Assignment - Write the data out again exactly, with no pictures.

Data shown -

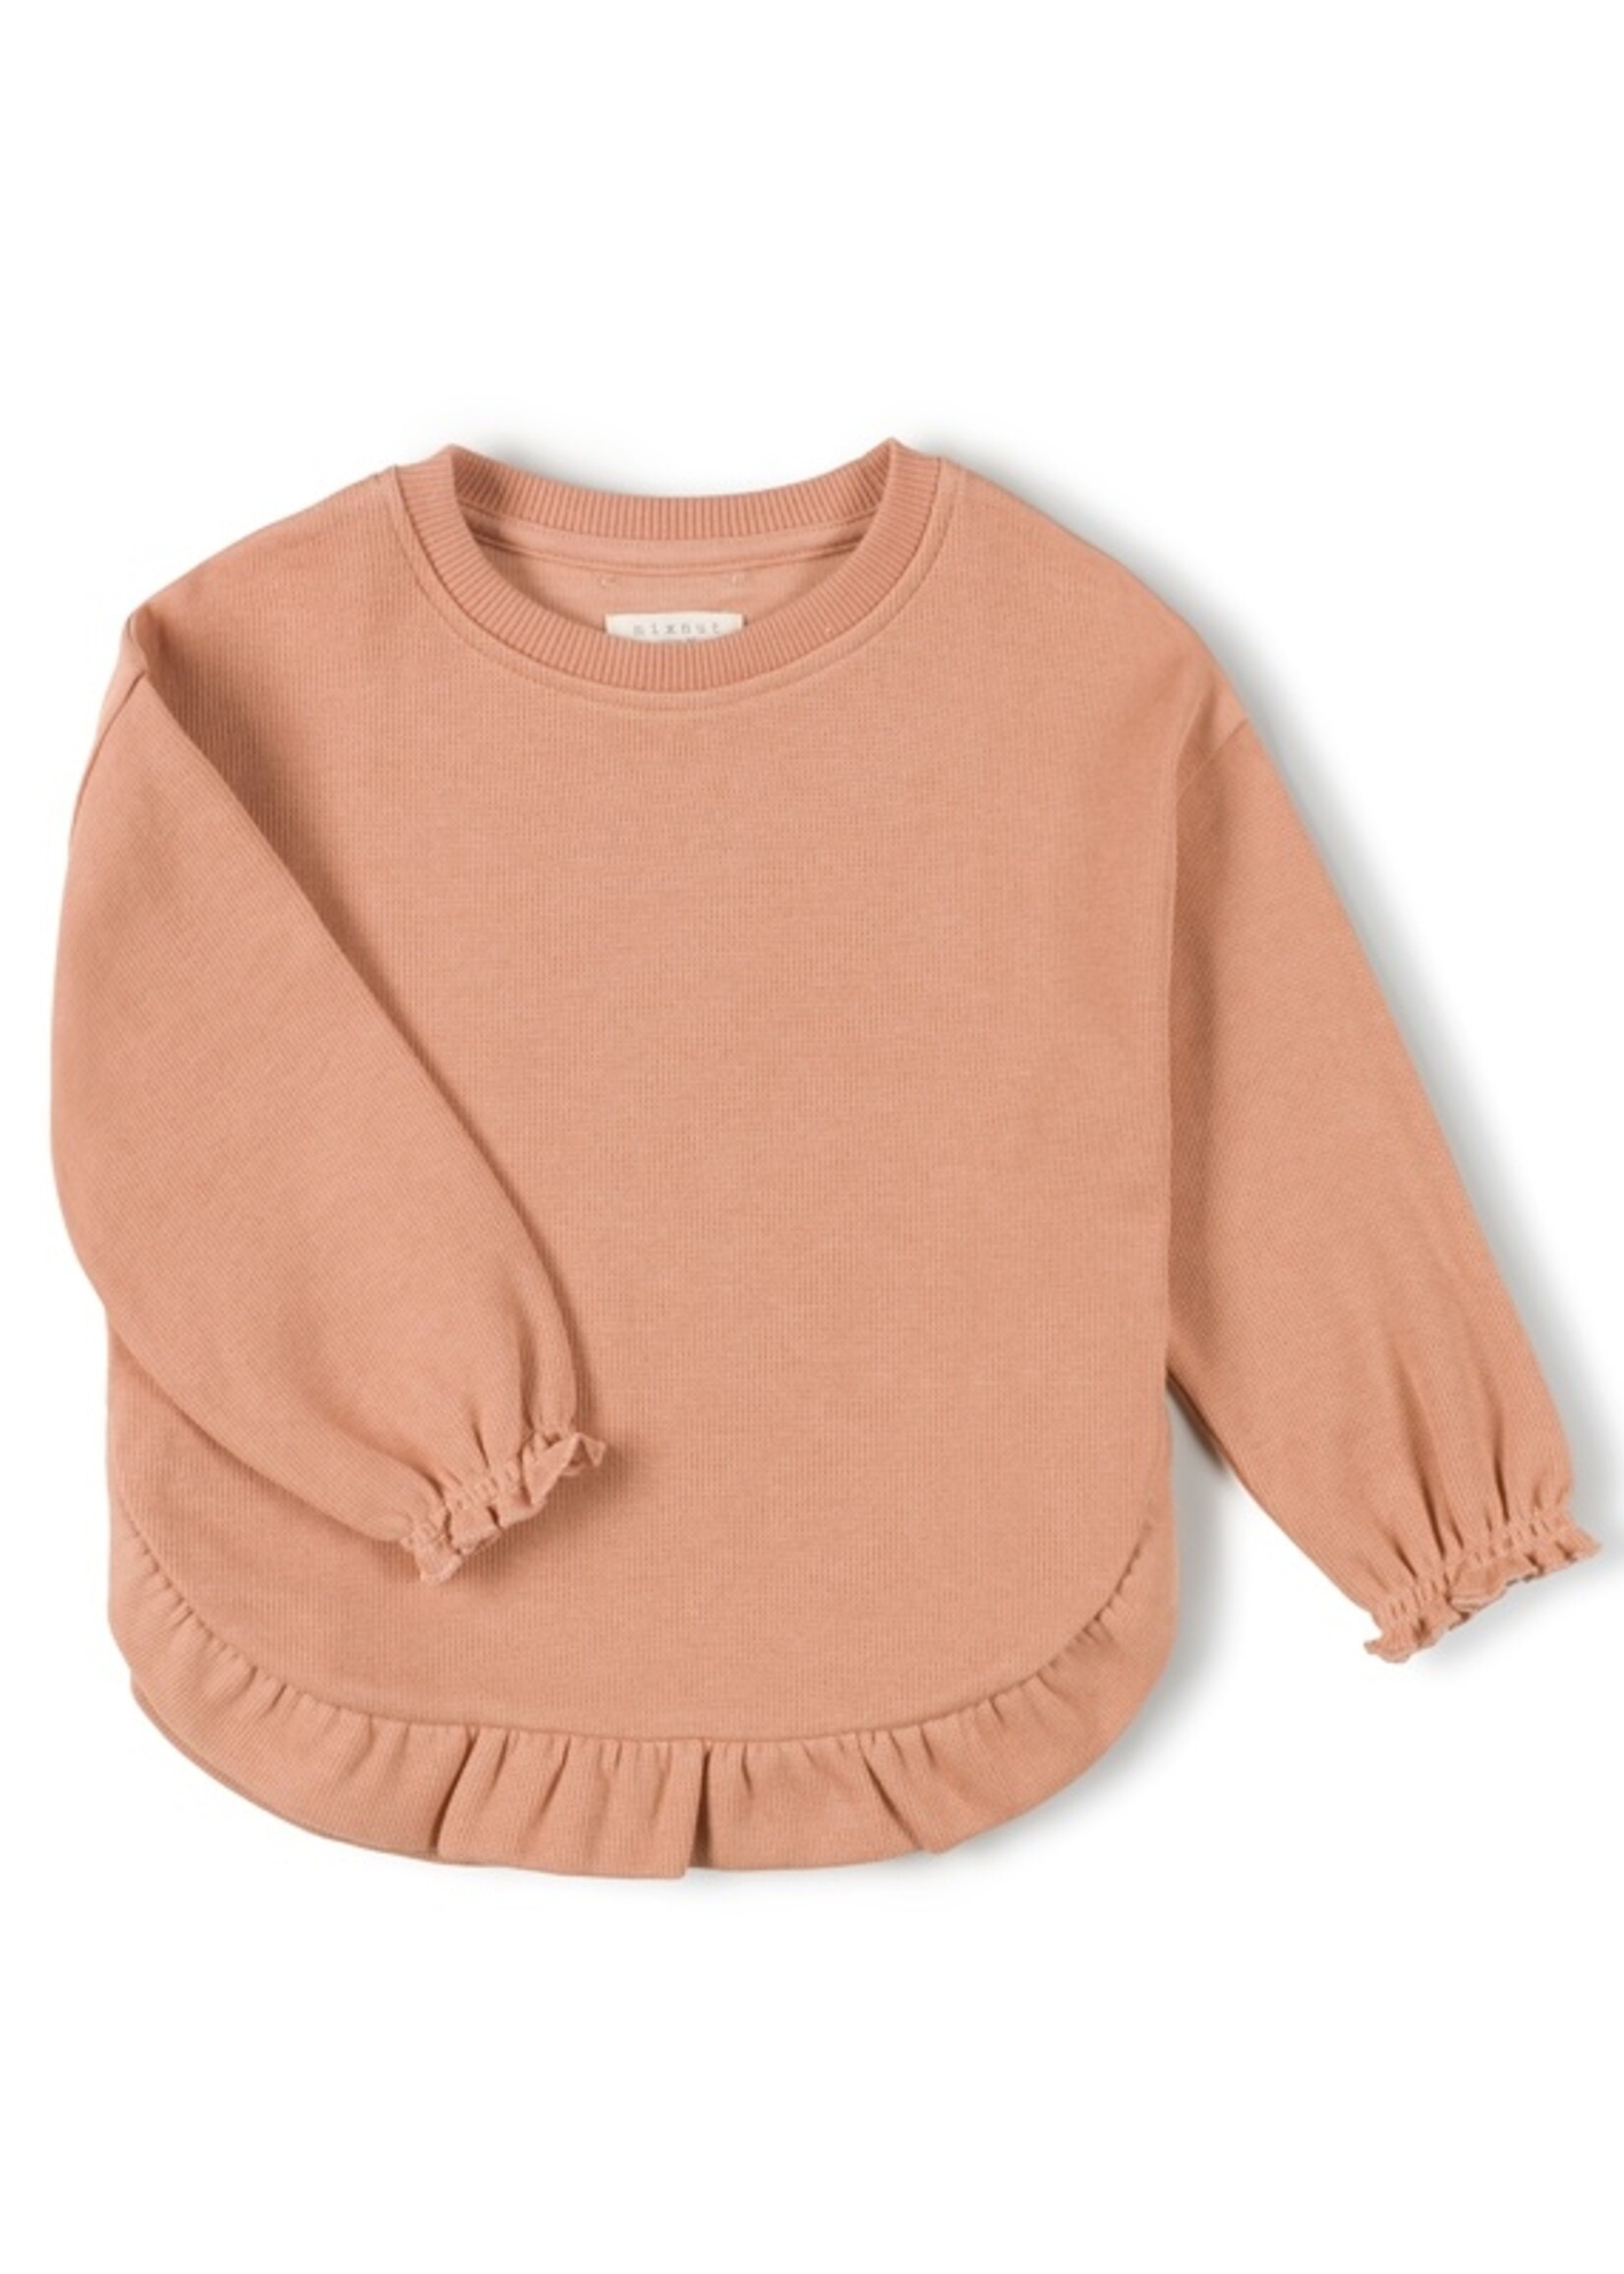 Nixnut Ruffled sweater peach - Nixnut
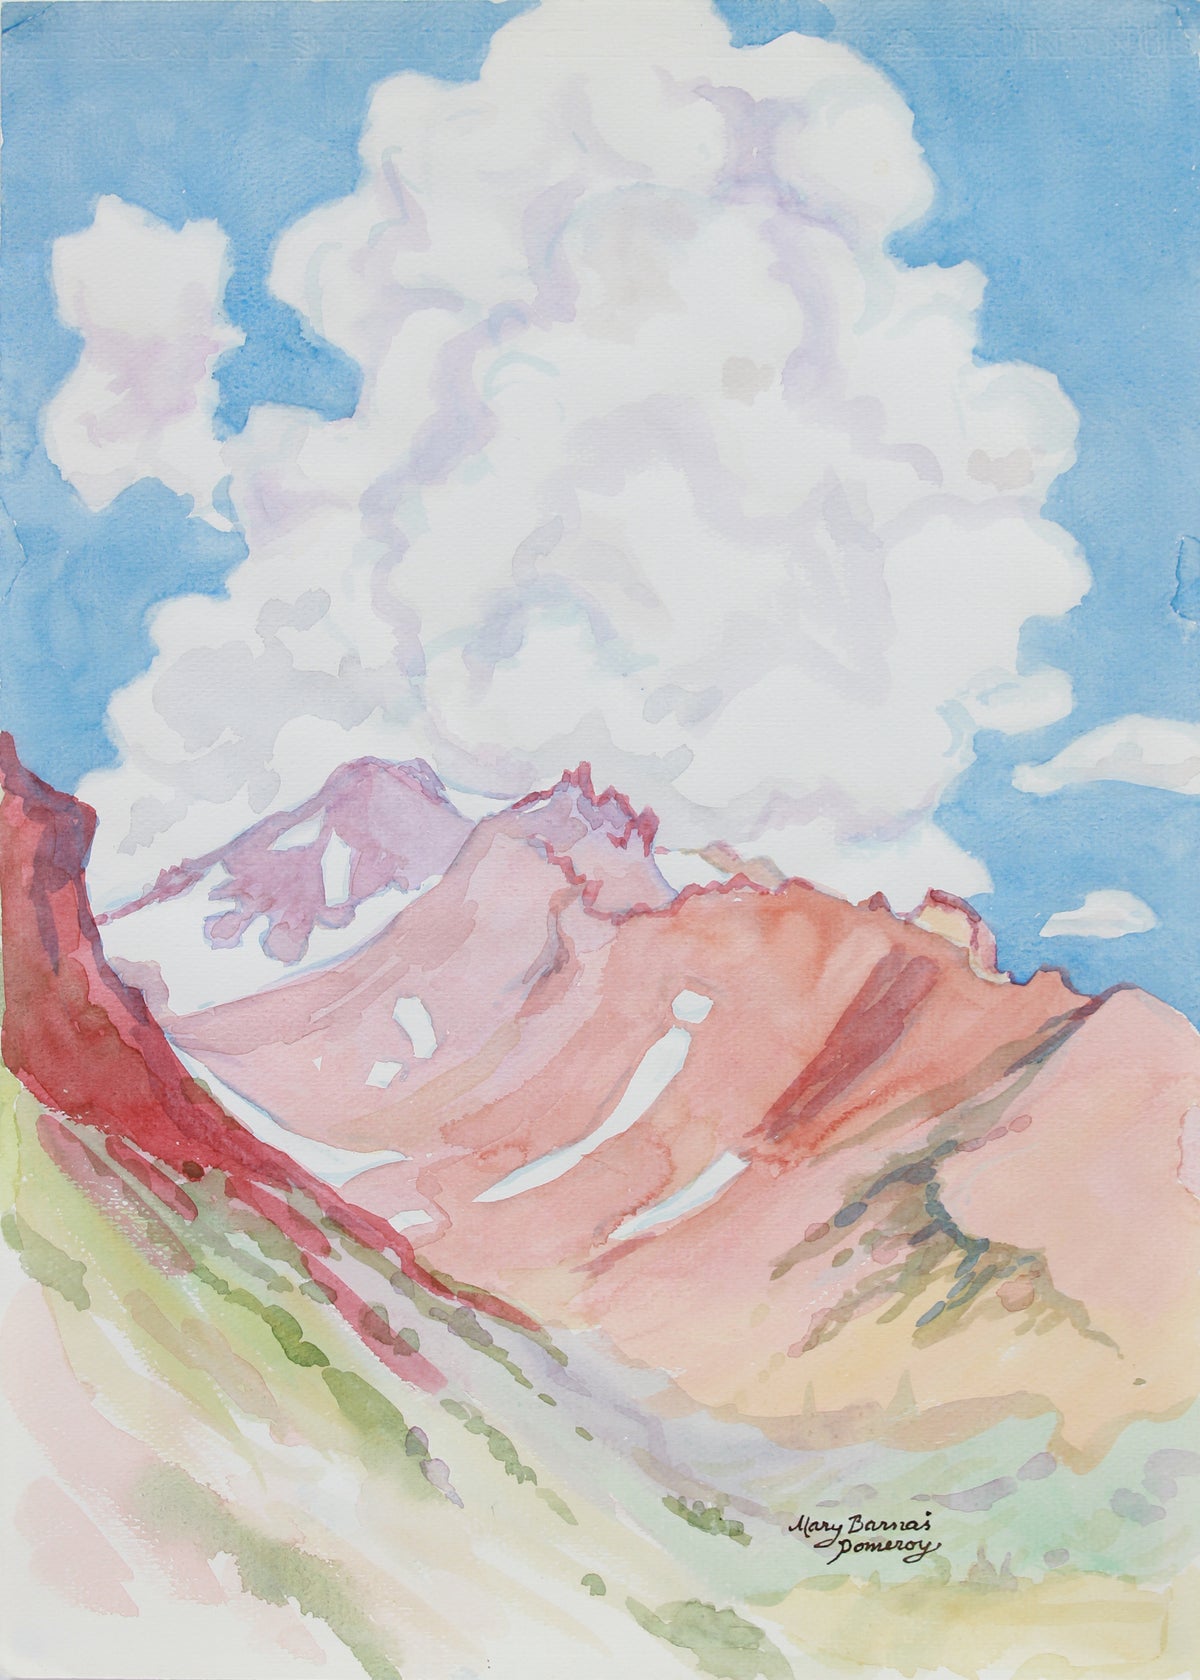 &lt;i&gt;Mount Shasta from above Panthen Meadows&lt;/i&gt; &lt;br&gt; October 1999 Watercolor &lt;br&gt;&lt;br&gt;B0536
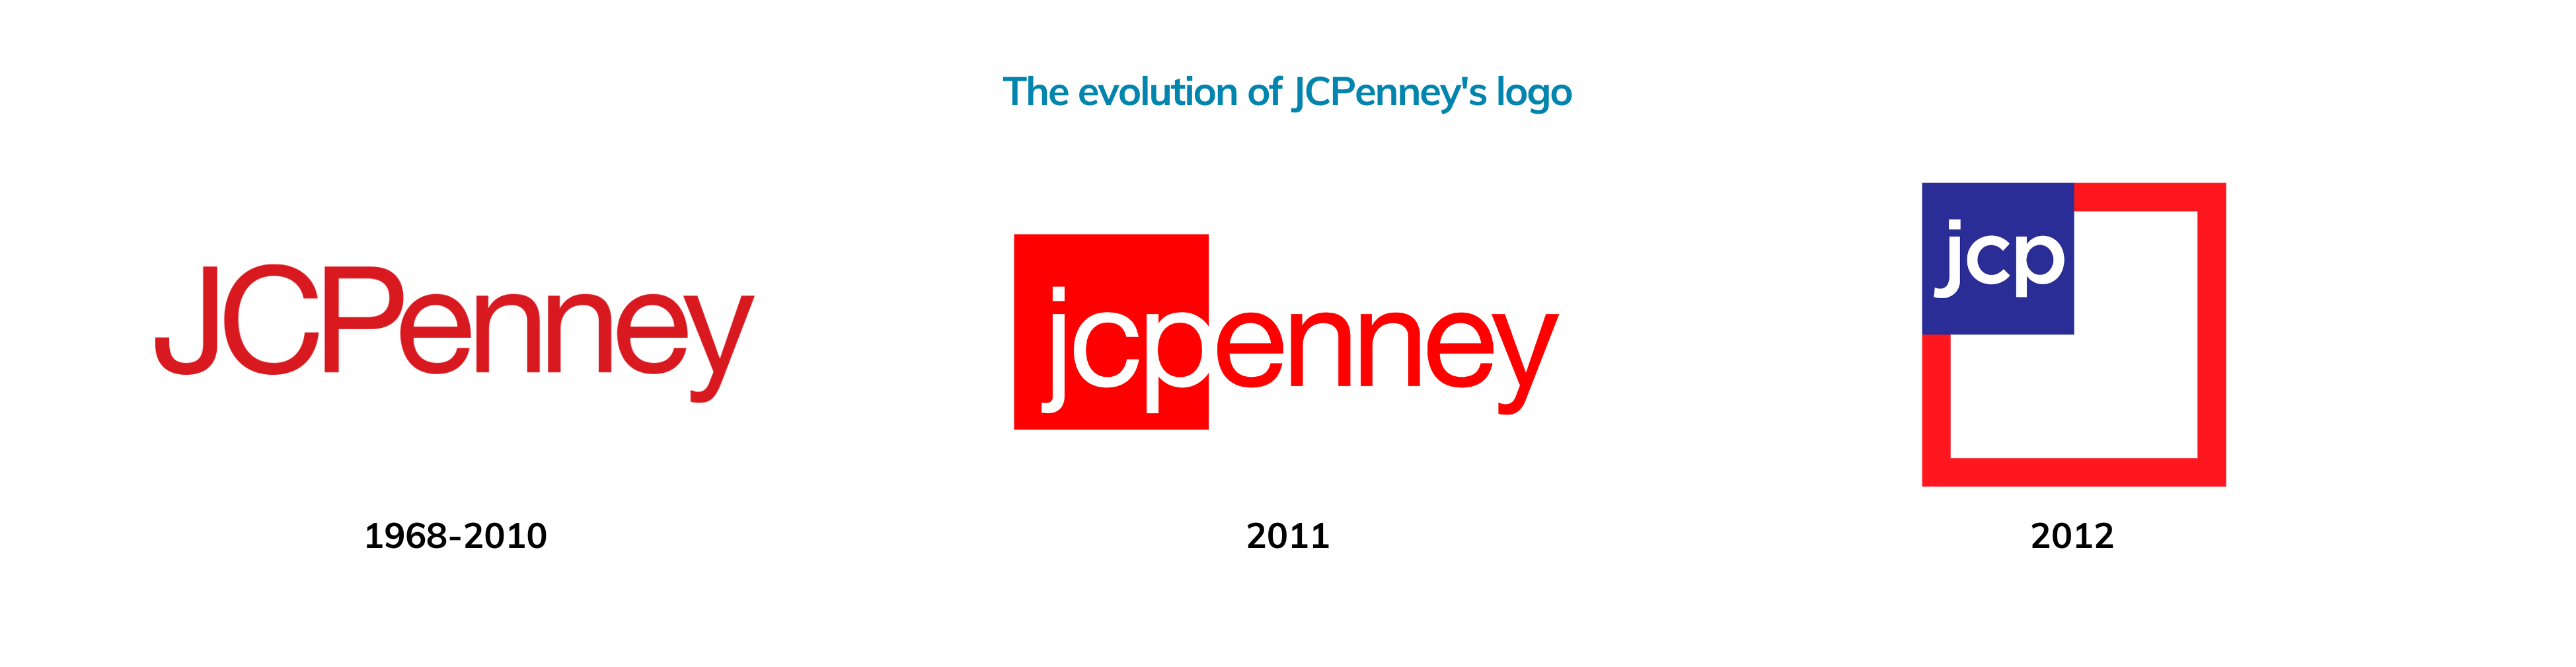 jcpenney logo evolution

Response -
 Nixnut Ruffled sweater peach - Nixnut
 &lt;i&gt;Mount Shasta from above Panthen Meadows&lt;/i&gt; &lt;br&gt; October 1999 Watercolor &lt;br&gt;&lt;br&gt;B0536
 jcpenney logo evolution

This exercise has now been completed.